Curtis, Eddie, Isha, Trinna, Keldy and Sarah researched and collected our data but one of the most basic issues we ran into was trying to determine how many stop and frisks affected people of Middle-Eastern descent. Although the NYPD tracks the race of those it stops, Middle-Eastern people are categorized as whites so it was not possible to isolate that ethnic group directly. As a workaround, we considered using census data to find predominately Middle-Eastern neighborhoods, but ran into the same issue. After reviewing the information we did have, we came up with the idea of using proximity to the mosques mentioned in the AP report as a marker for ethnicity. We thought it was fair to assume the closer a stop was to a mosque, the more likely the person being stopped was Middle-Eastern. We decided to look at a radius of 900ft, the average length of a New York City block.
Once we were able to isolate our data set, we realized that working with such large amounts of data wasn’t feasible without some type of automation. The coders at the event were really helpful in writing a script that scraped the data for the variables we needed. That let us isolate the key aspects of the stop-and frisks we wanted to use and move forward in mapping our data.
Mapping is Hard
One of our main goals in the project was comparing the incidences of stop-and-frisks near these 9 mosques with other areas in New York City. To do that, we needed to be able to map our cleaned data. Sounds simple enough, right?
Creating our maps turned out to be one of the most difficult and time-consuming aspects of our weekend. Our main problem was that our location data for our stop-and-frisks was in a format which the NYPD uses called State Plane while the location data for our mosques was in longitude and latitude. Brian Abelson, a graduate student at Columbia pursuing a degree in Quantitative Methods in the Social Sciences saved the day by converting our data and then mapping it.
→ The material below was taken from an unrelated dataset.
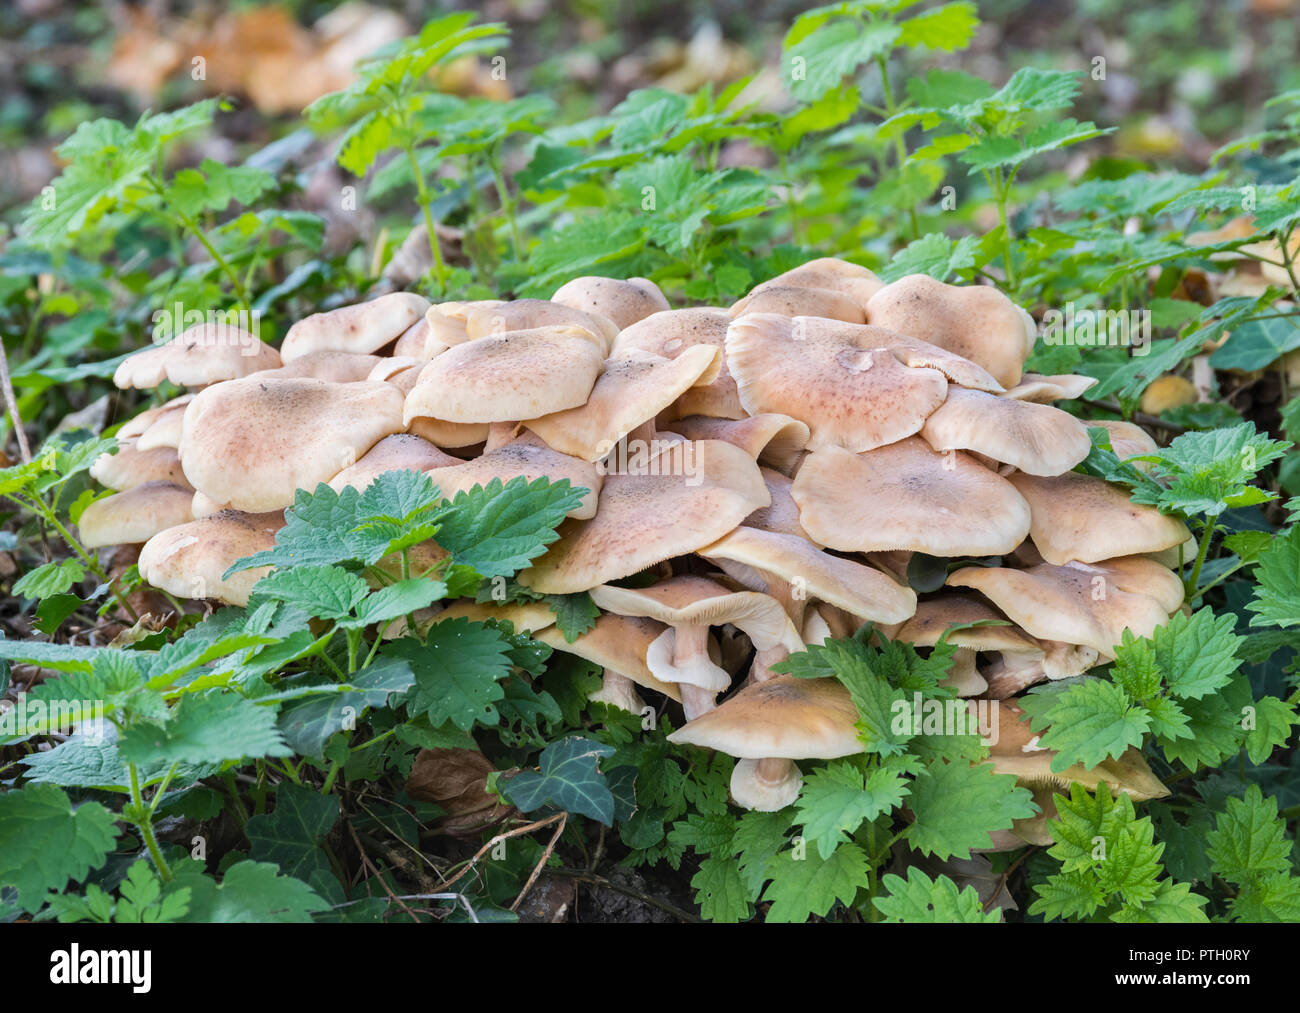 Bois massif de champignons champignons Blewit (Clitocybe nuda ou Lepista nuda) croissant au début de l'automne dans la forêt dans le West Sussex, Royaume-Uni. Banque D'Images

Brian used a mapping tool called ArcGis to solve the conversion problem so we could view the stop-and-frisks and mosques on the same map. Brian, Michael and I then used a program called R, to further scrape the data and isolate points by specific variables, like race. Brian then used ArcGis to isolate all the points within a 900ft radius of a mosque so we could see how the rates of stop-and-frisks changed over time. Mike Dewar, one of the coders at the event, was also very helpful in nailing down our approach to identifying stop-and-frisks near mosques. Mike wrote an algorithm for us to measure the distance between any one point and a mosque. We didn’t end up using Mike’s algorithm but talking the problem over with him and discussing various approaches was a great help in tackling the larger issue of working with such a large data set.
Analyzing Data leads to More Analyzing Data
Once we were able to map our data, we could see how many stop-and-frisks occurred near these nine mosques in 2006. When we compared the first three months of the year, before the recommendation for surveillance was made, with the next nine months, we did see a small increase. However, to know if this is statistically relevant or markedly different from stop-and-frisks in other areas of New York, we have to do a lot more research and analysis.
Our next step has been designing the right control group against which to test our data, and we received great feedback after the event on the best way to do so. One surprising thing has been how rich our data set is. Further analysis may show that stop-and-frisks near these mosques wasn’t unusual, but as we continue working with the data, it has already given us ideas for more stories we can work on.